═════ Input

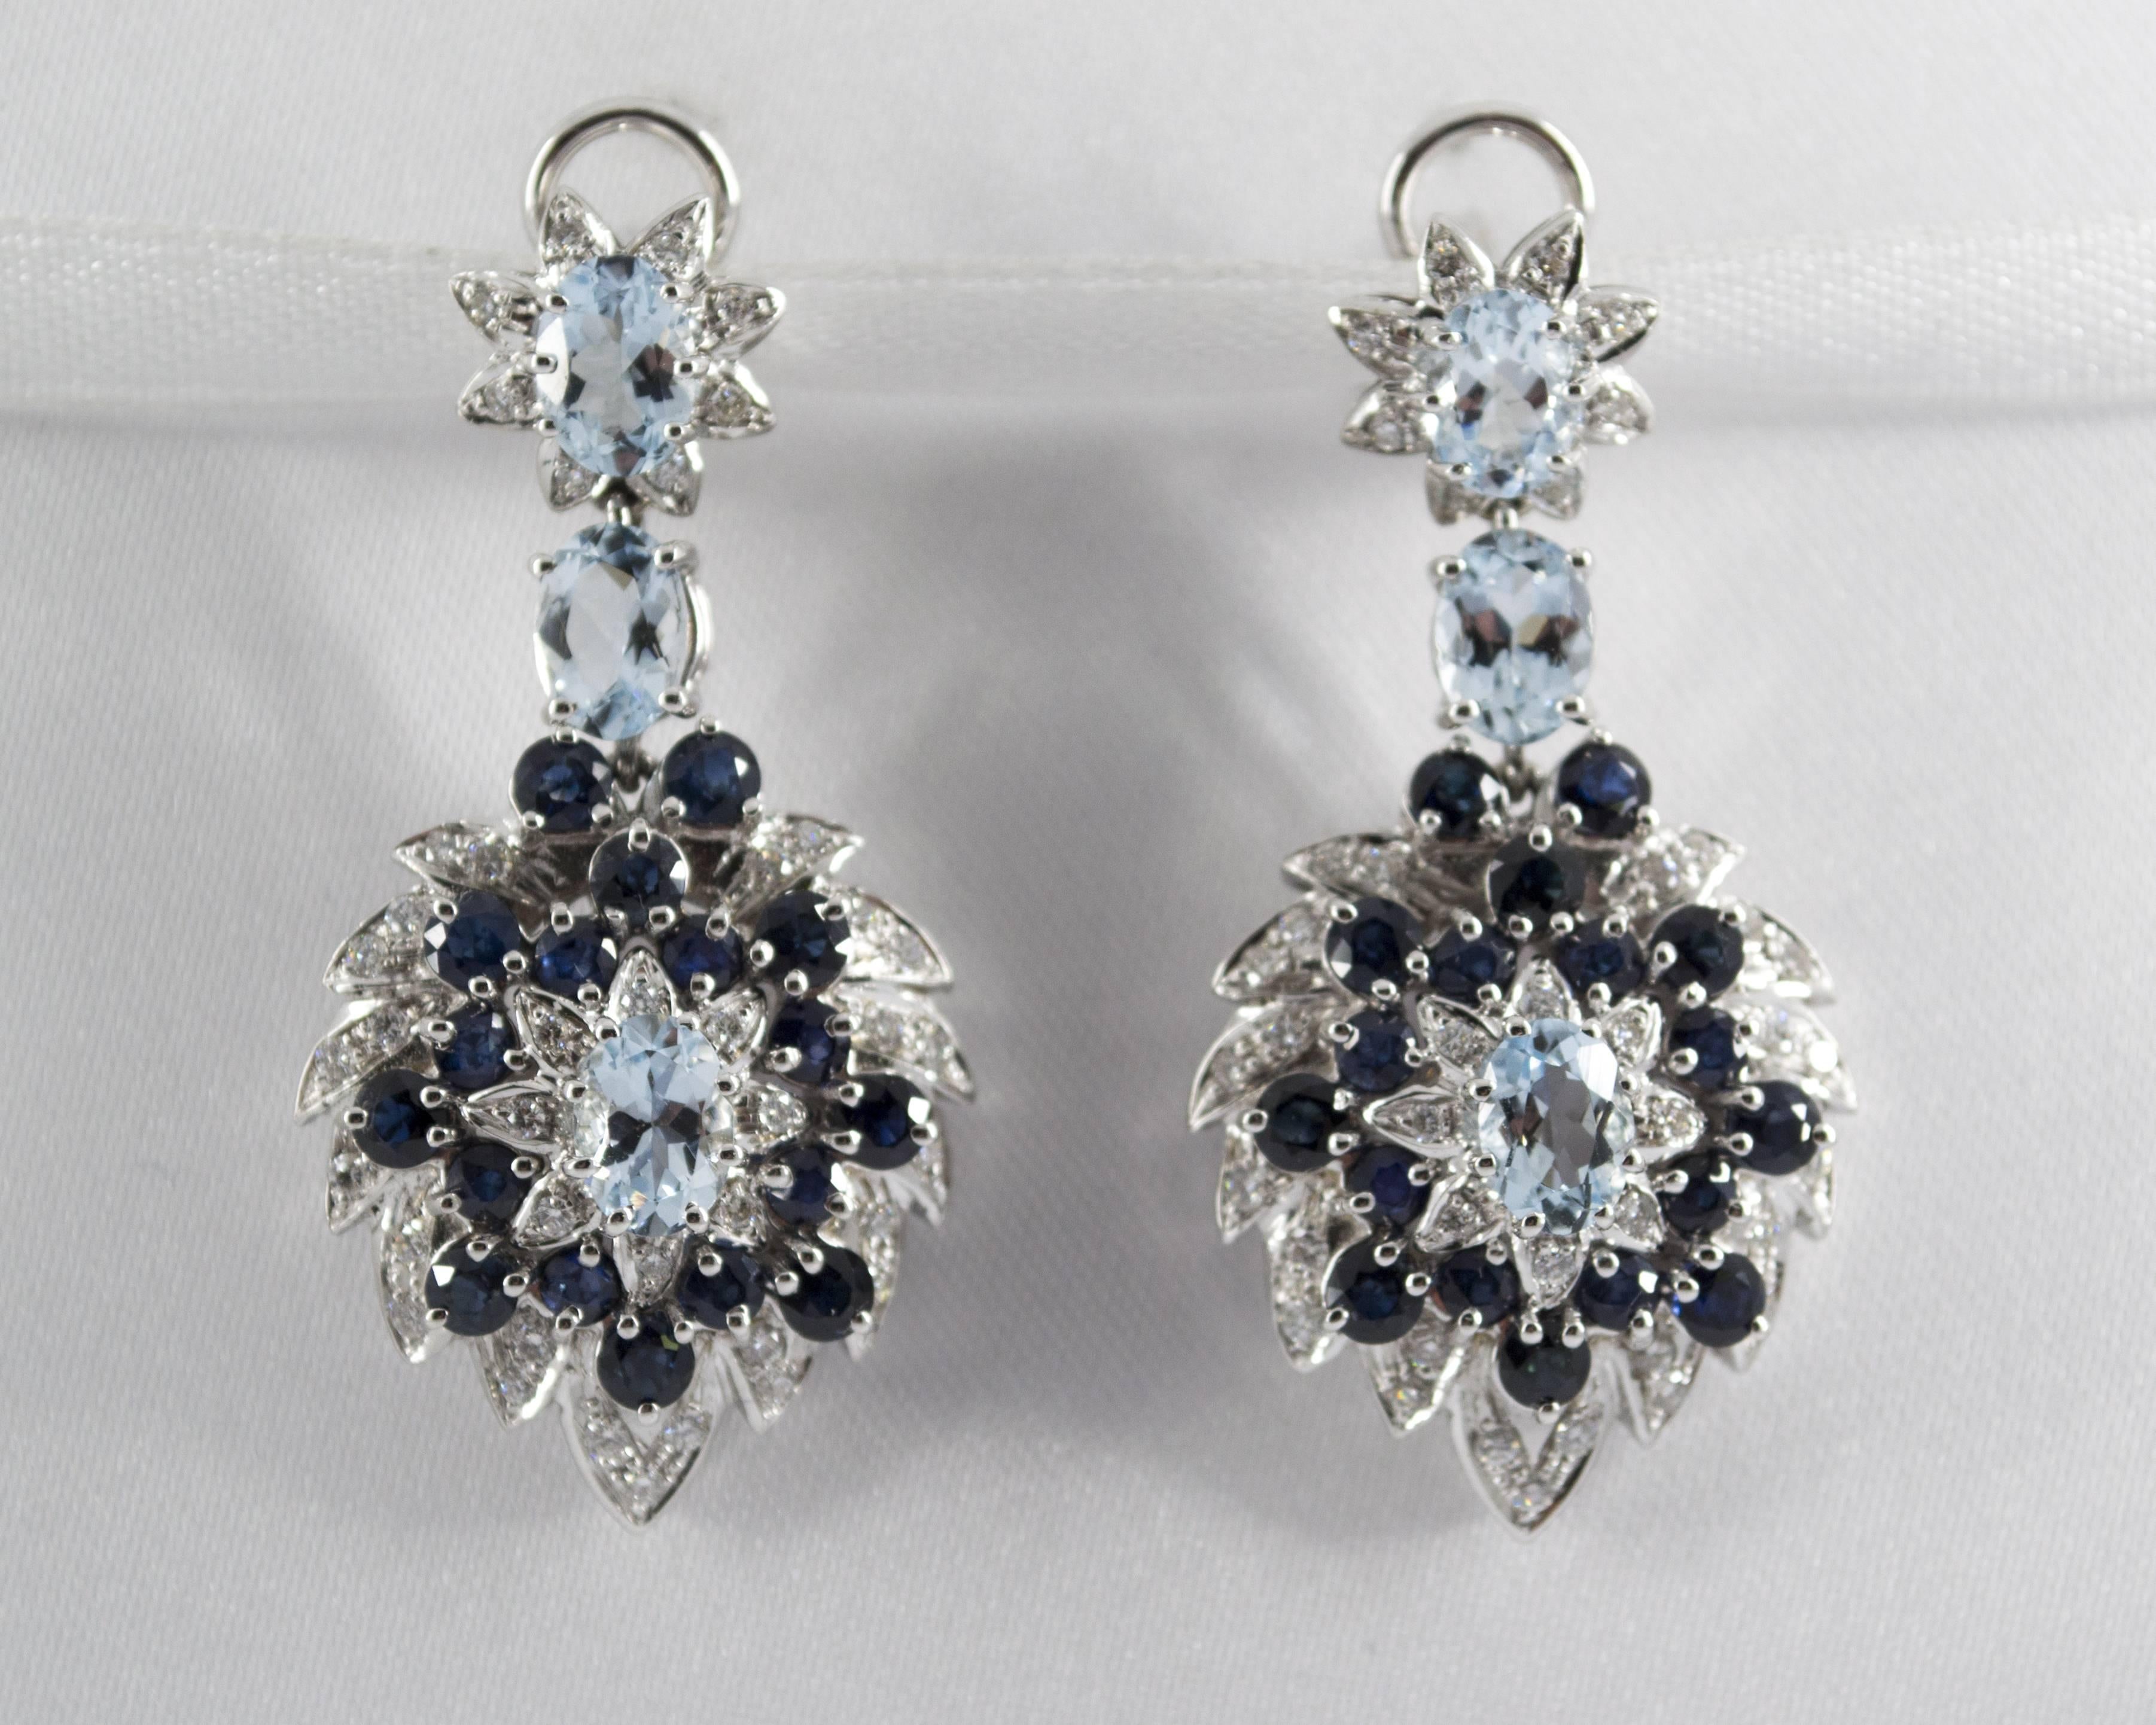 These Earrings are made of 18K White Gold.
These Earrings have 1.00 Carats of White Diamonds.
These Earrings have 5.10 Carats of Blue Sapphires.
These Earrings have also 4.00 Carats of Aquamarines.
All our Earrings have pins for pierced ears but we

══════════

Your assignment:
Look over the records above and filter for each line with the word "have".

Answer to this task:
These Earrings have 1.00 Carats of White Diamonds.
These Earrings have 5.10 Carats of Blue Sapphires.
These Earrings have also 4.00 Carats of Aquamarines.
All our Earrings have pins for pierced ears but we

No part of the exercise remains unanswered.